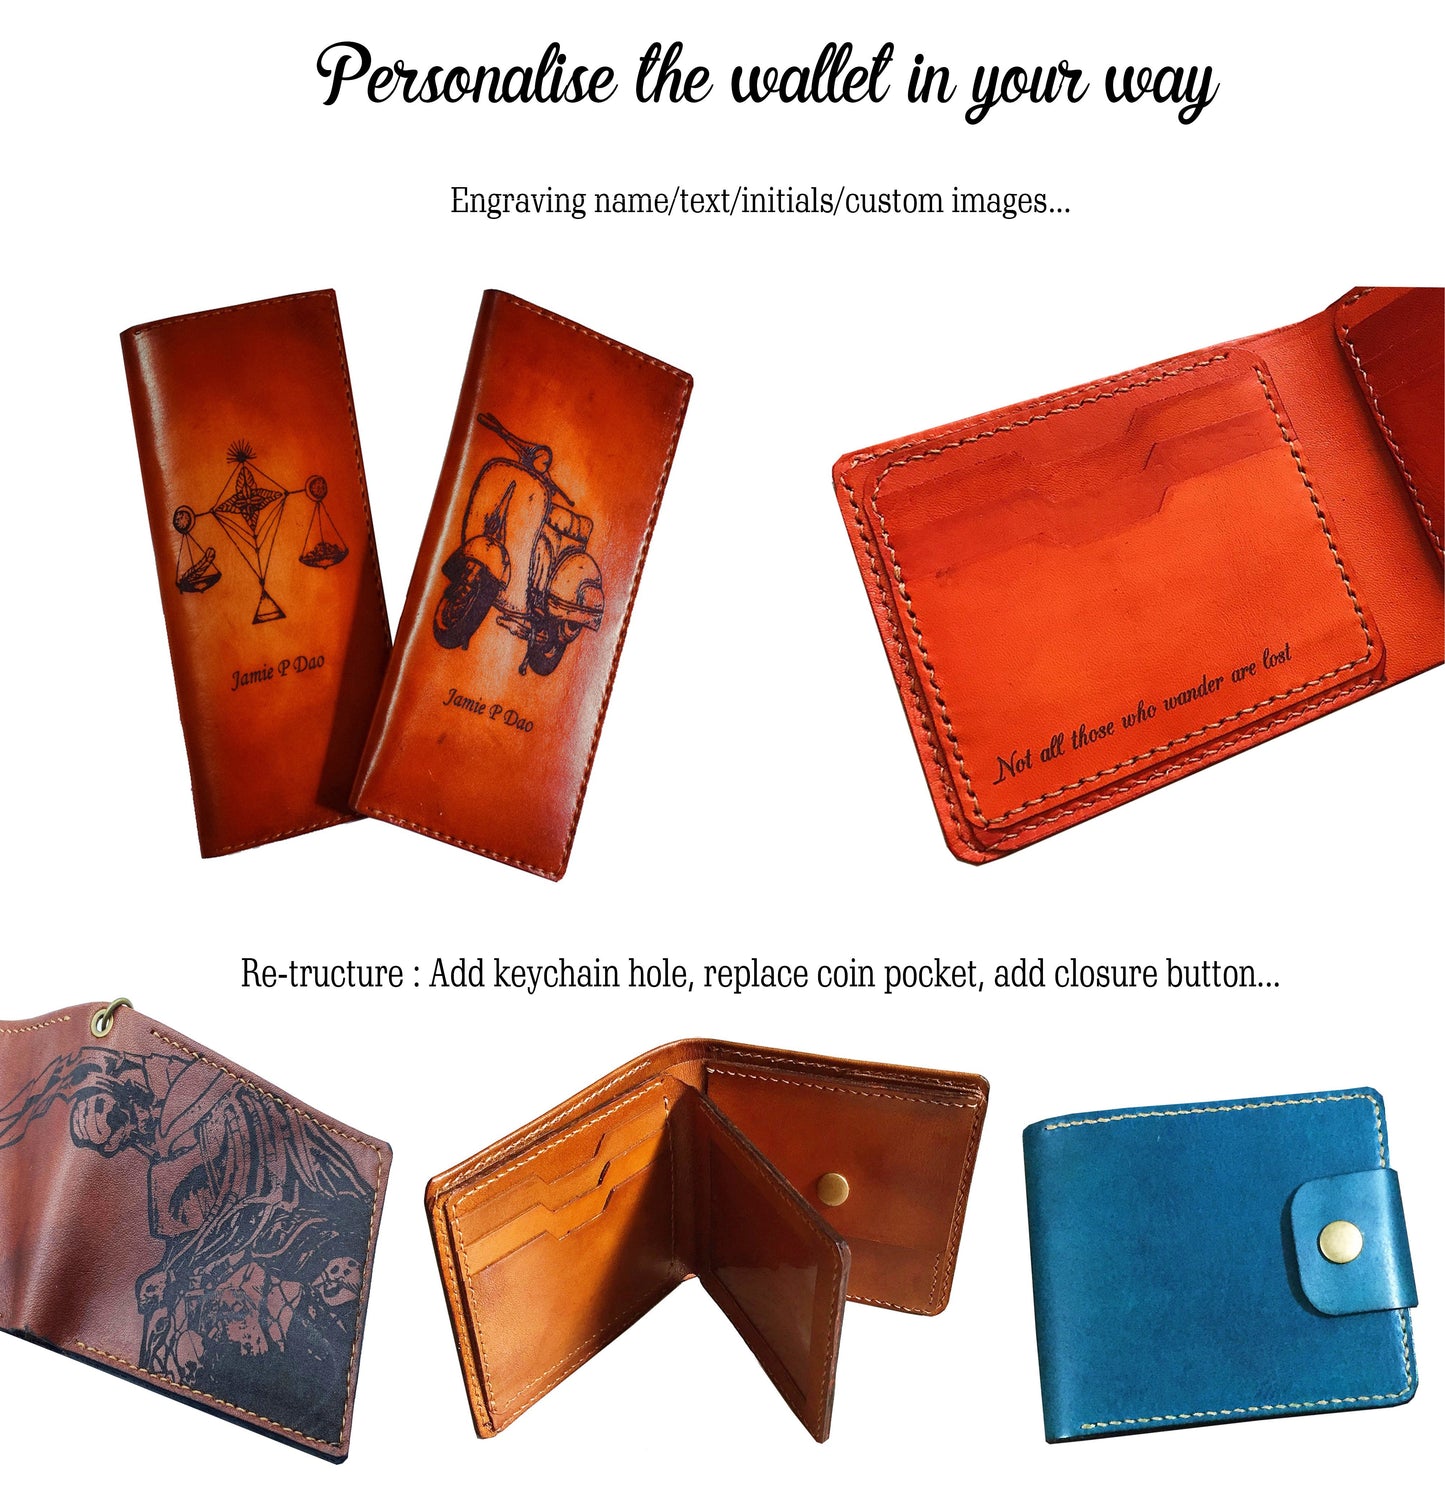 Mayan Corner - Starwars villains dark side personalized leather handmade men's wallet, custom anniversary gifts for him, Father boyfriend brother special present
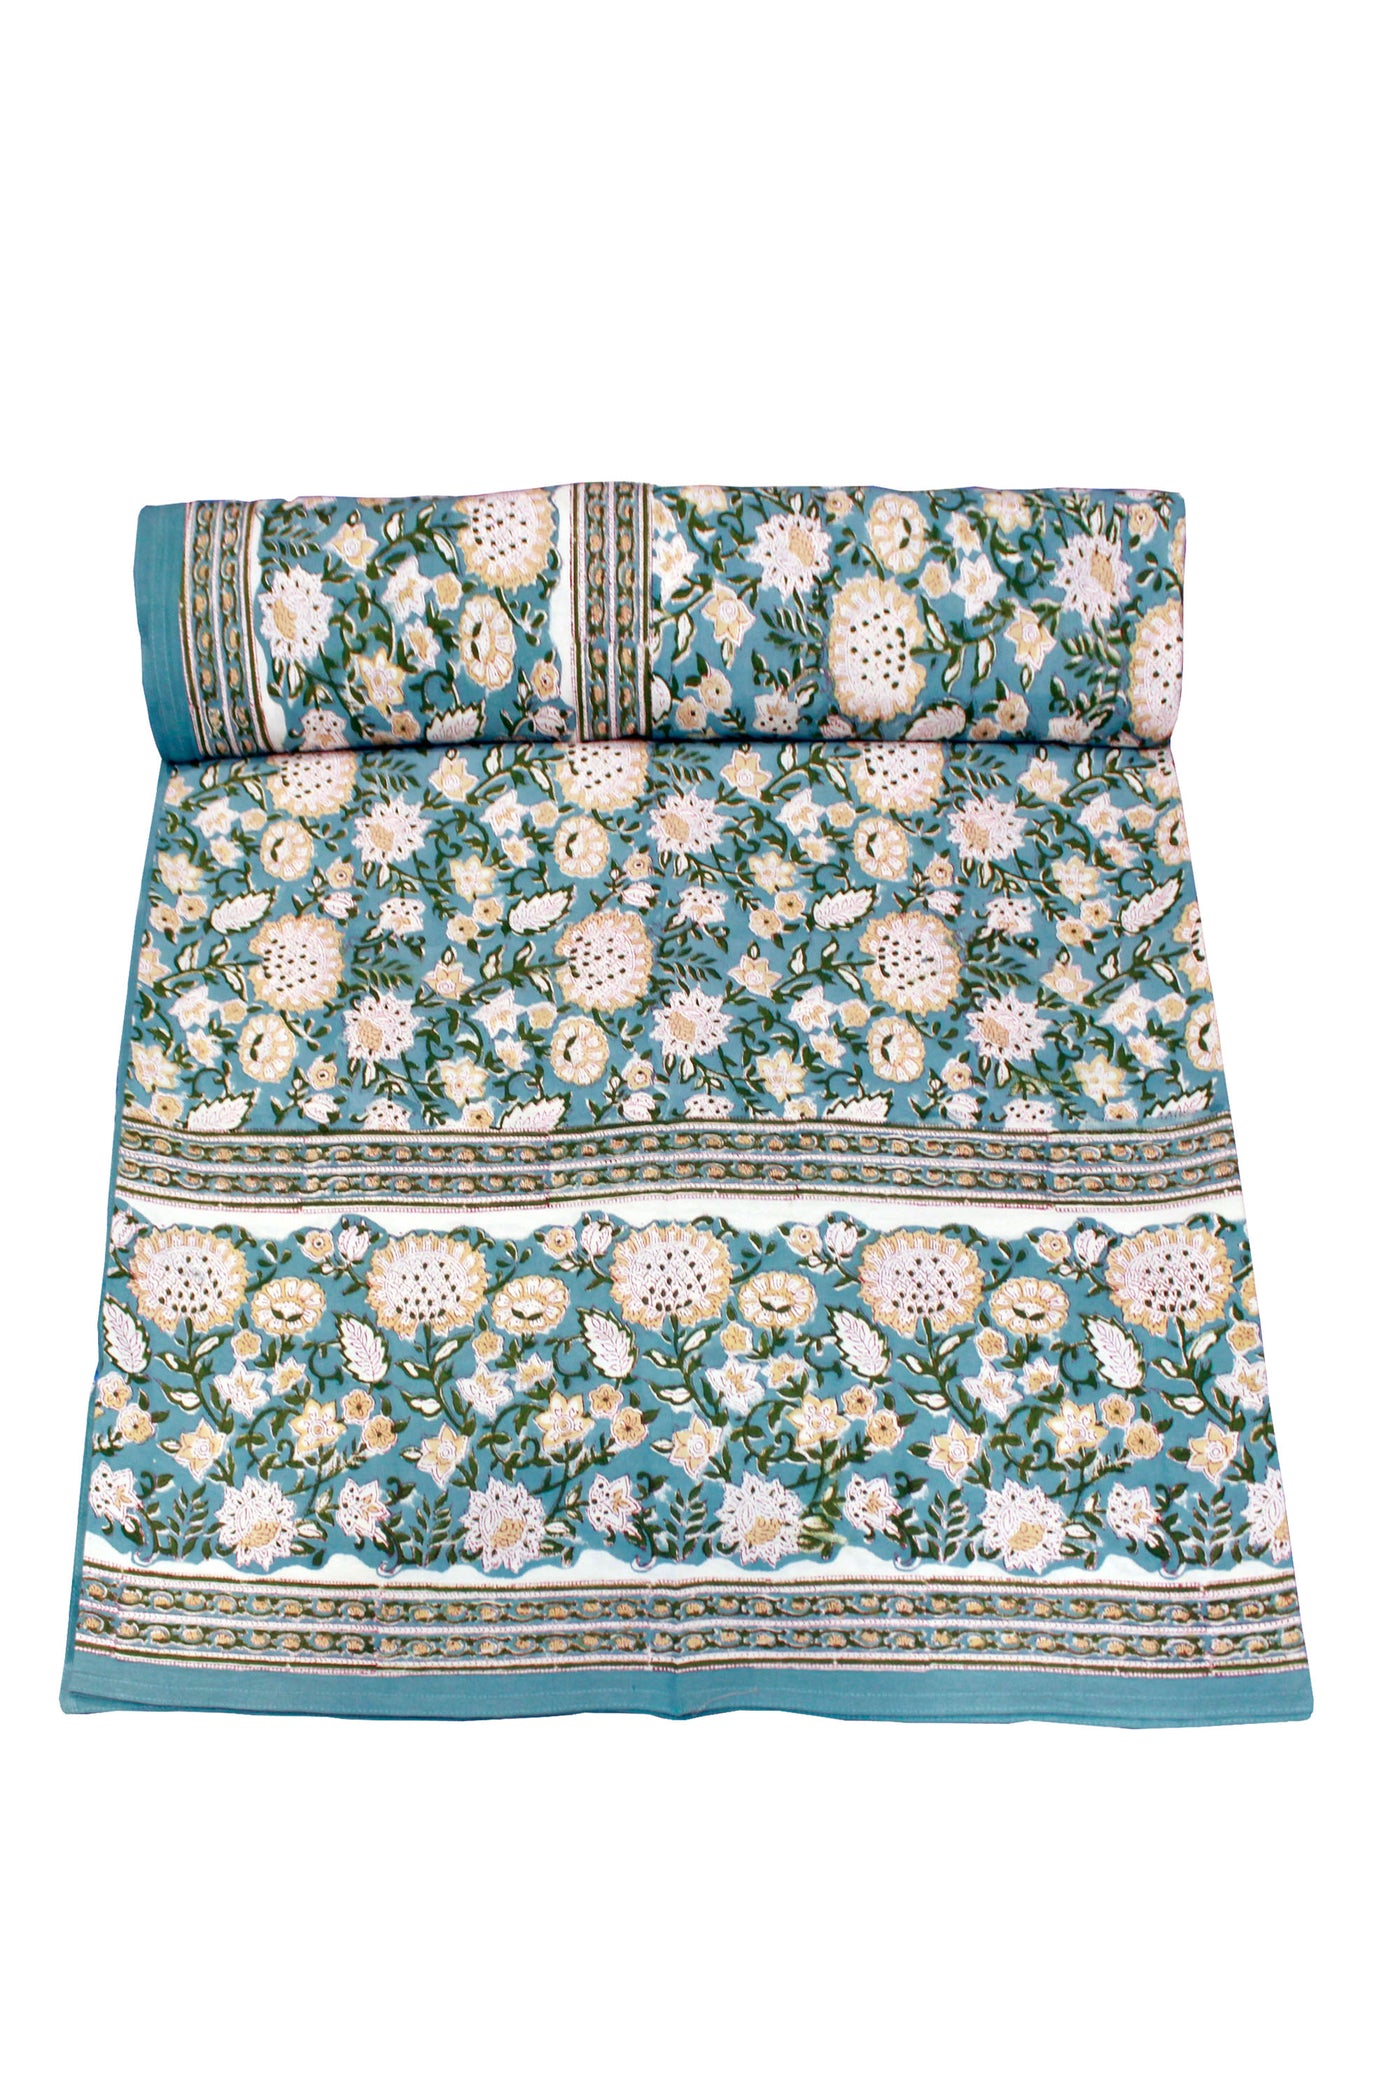 Cotton Mahin Flower Jaal Hand Block Print Bedsheet in Sea Green
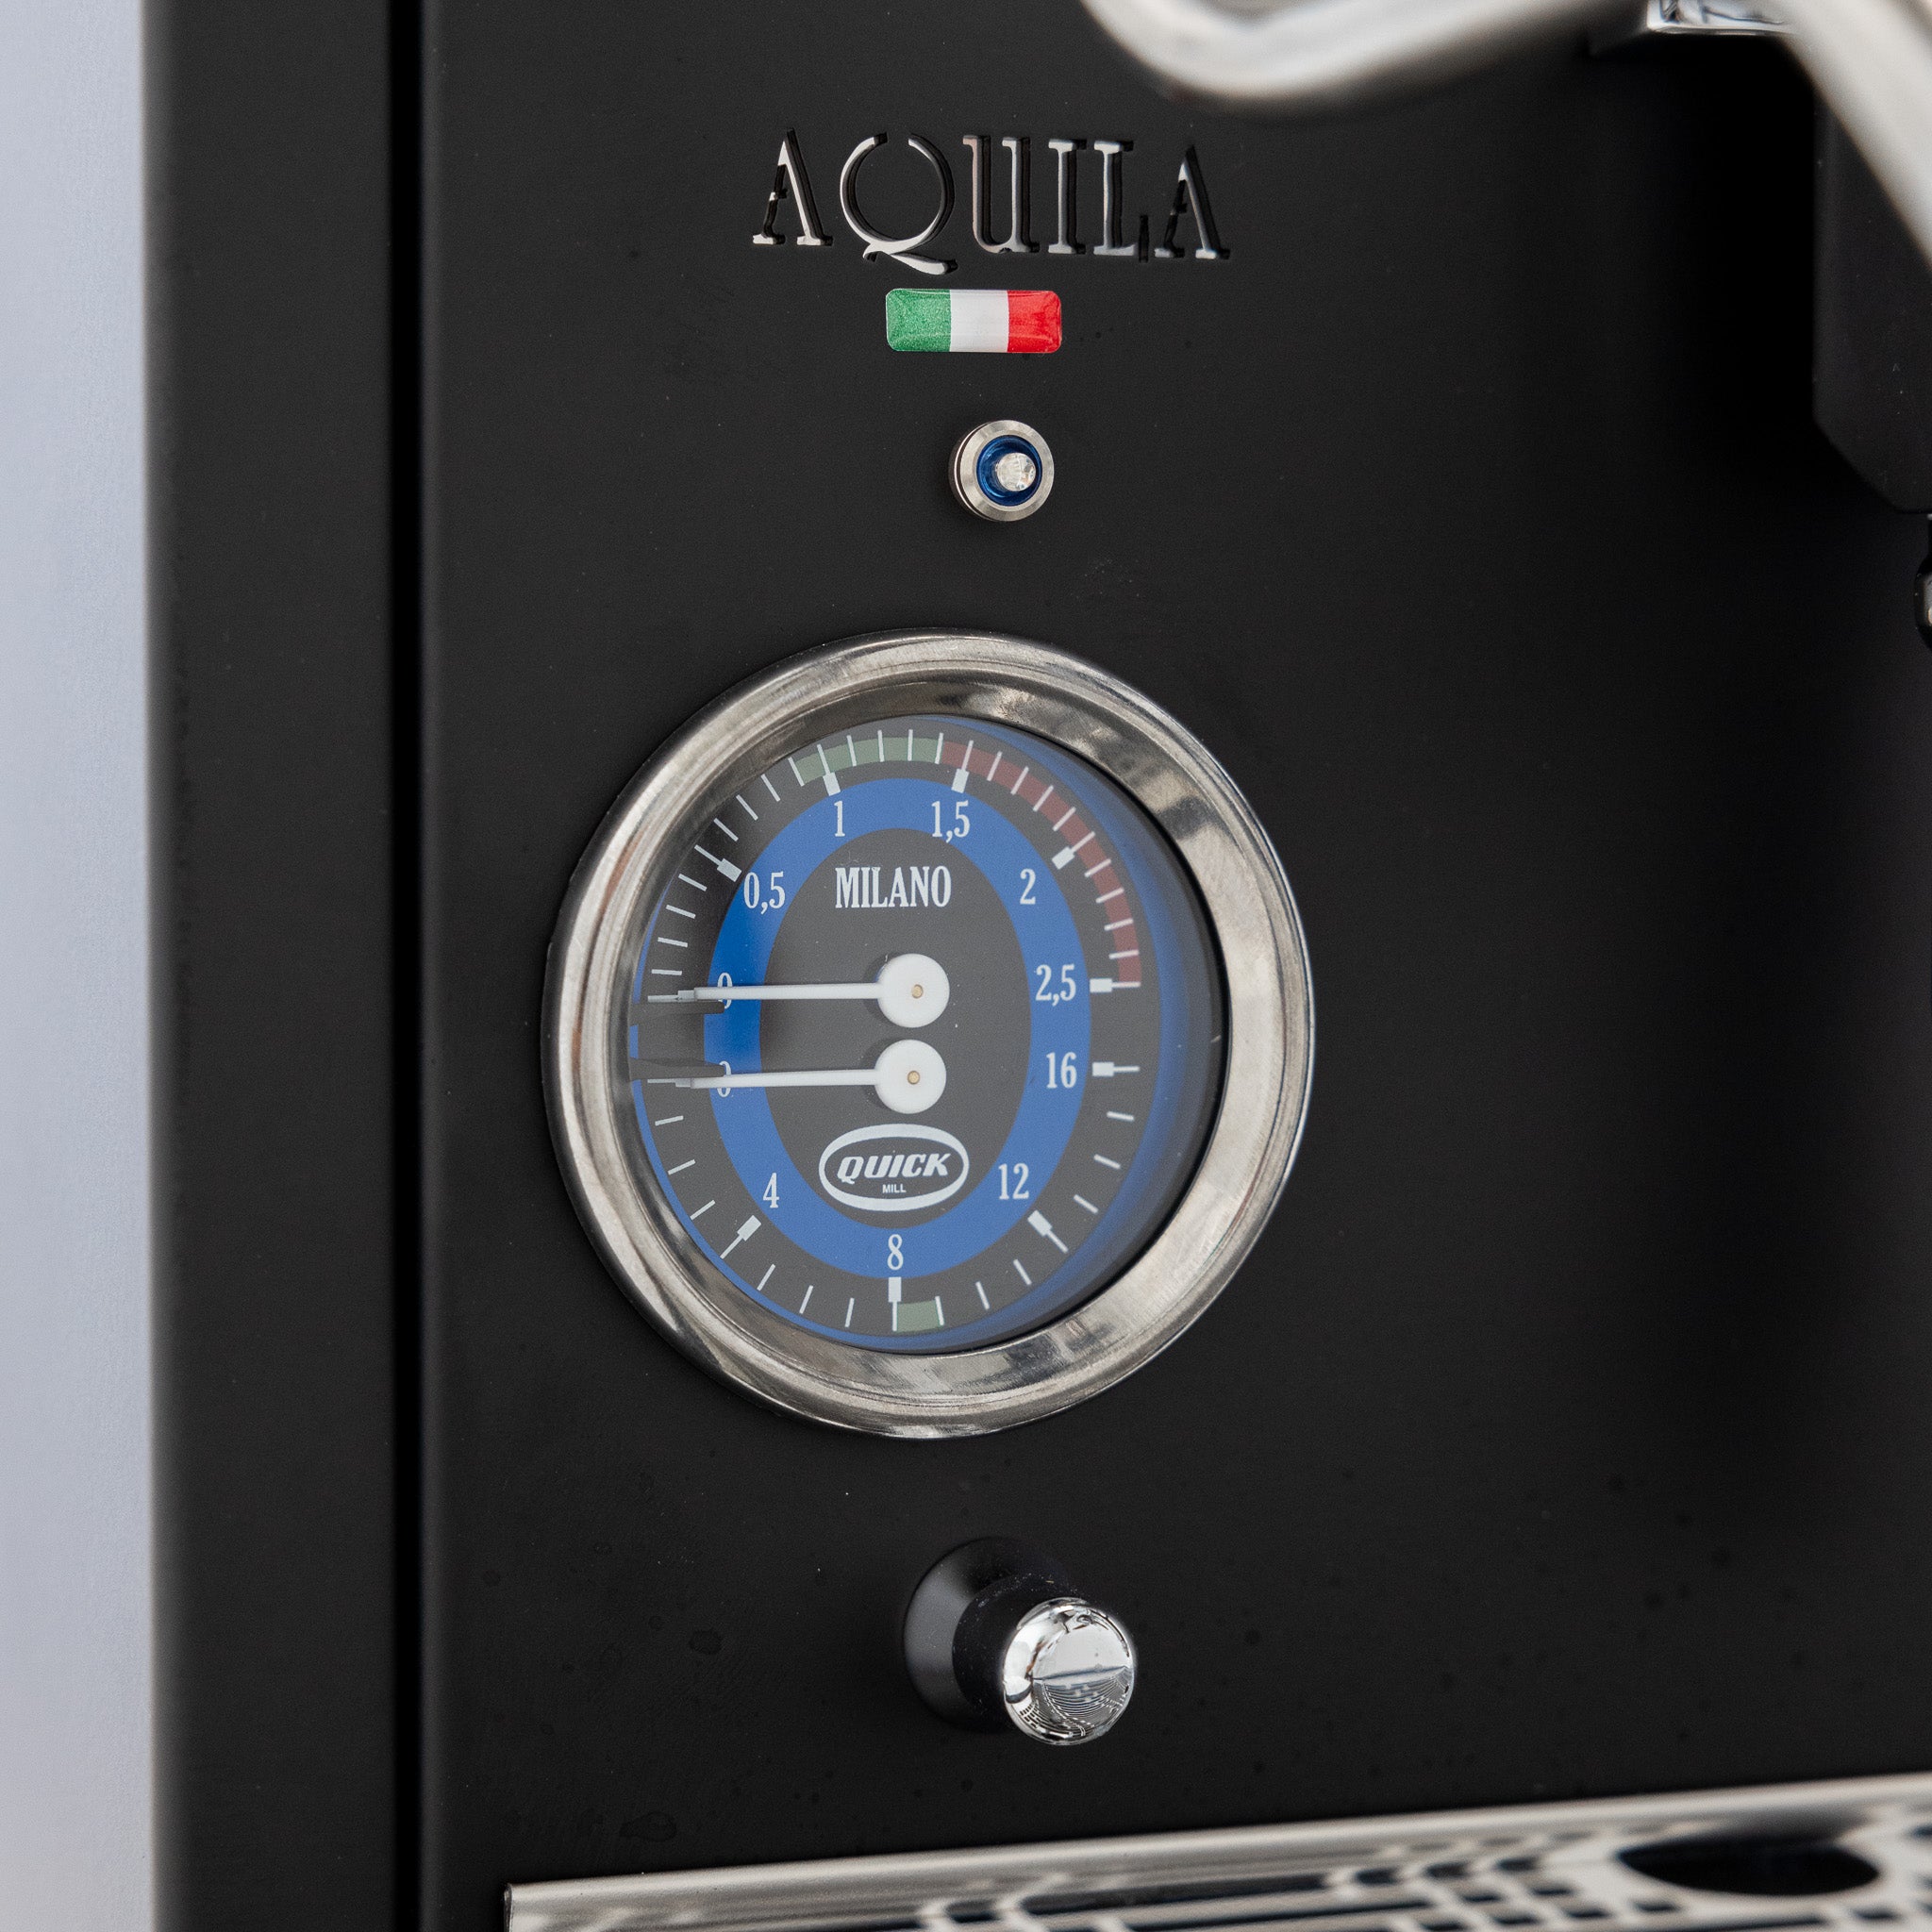 Quick Mill Aquila Profi Black Coffee Machine

____

> _PROBLEM DETAILS_: Set down the material above exactly as it reads, but not its pictures.

> _ANSWER TO THIS TASK_:
 Mayan Corner - Starwars villains dark side personalized leather handmade men's wallet, custom anniversary gifts for him, Father boyfriend brother special present
 Cotton Mahin Flower Jaal Hand Block Print Bedsheet in Sea Green
 Quick Mill Aquila Profi Black Coffee Machine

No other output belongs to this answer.